Future studies should integrate molecular profiling with clinical outcomes to refine glioma classification and optimise biomarker-driven trials. In India, ISNO guidelines currently use the WHO 2016 classification with predominantly IHC-based surrogates in resource-limited settings, while recent work demonstrates that the WHO 2021 molecular criteria can be applied using a combination of IHC and targeted molecular assays, making it feasible to align local practice with global standards.^[5,39] Combination regimens that simultaneously target multiple pathways, along with immunotherapies such as checkpoint inhibitors and adaptive trial designs, are promising strategies, particularly in aggressive subtypes such as EGFR-amplified GBMs.^[40]

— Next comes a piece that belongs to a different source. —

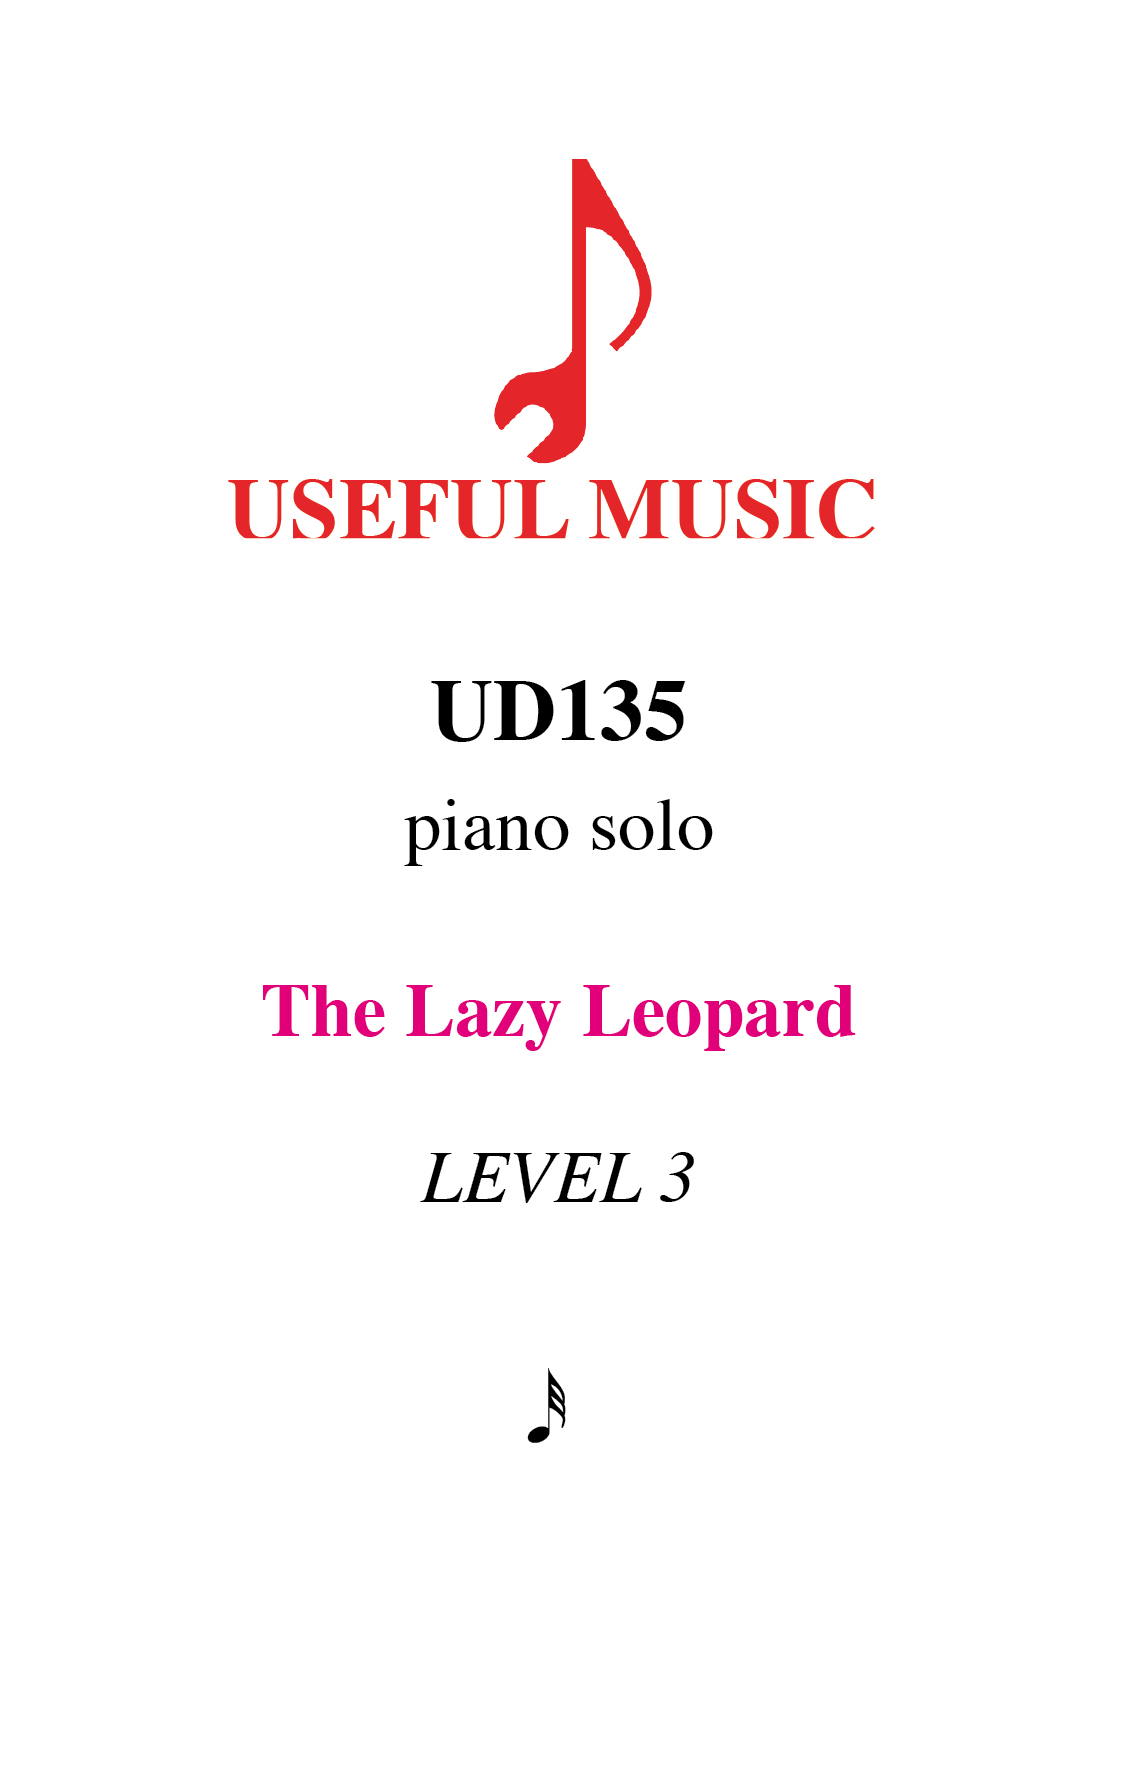 The Lazy Leopard – piano solo

In summary, our findings reinforce the molecular heterogeneity of gliomas and highlight the clinical relevance of genomic profiling in personalised therapies. Continued efforts in genomic characterisation, targeted therapy development, and biomarker-driven clinical trials hold tremendous promise for improving outcomes for glioma patients.

TAKE HOME MESSAGE

Our findings reinforce the molecular heterogeneity of gliomas and highlight the clinical relevance of genomic profiling in personalized therapies. Continued efforts in genomic characterization, targeted therapy development, and biomarker-driven clinical trials hold tremendous promise for improving outcomes for glioma patients.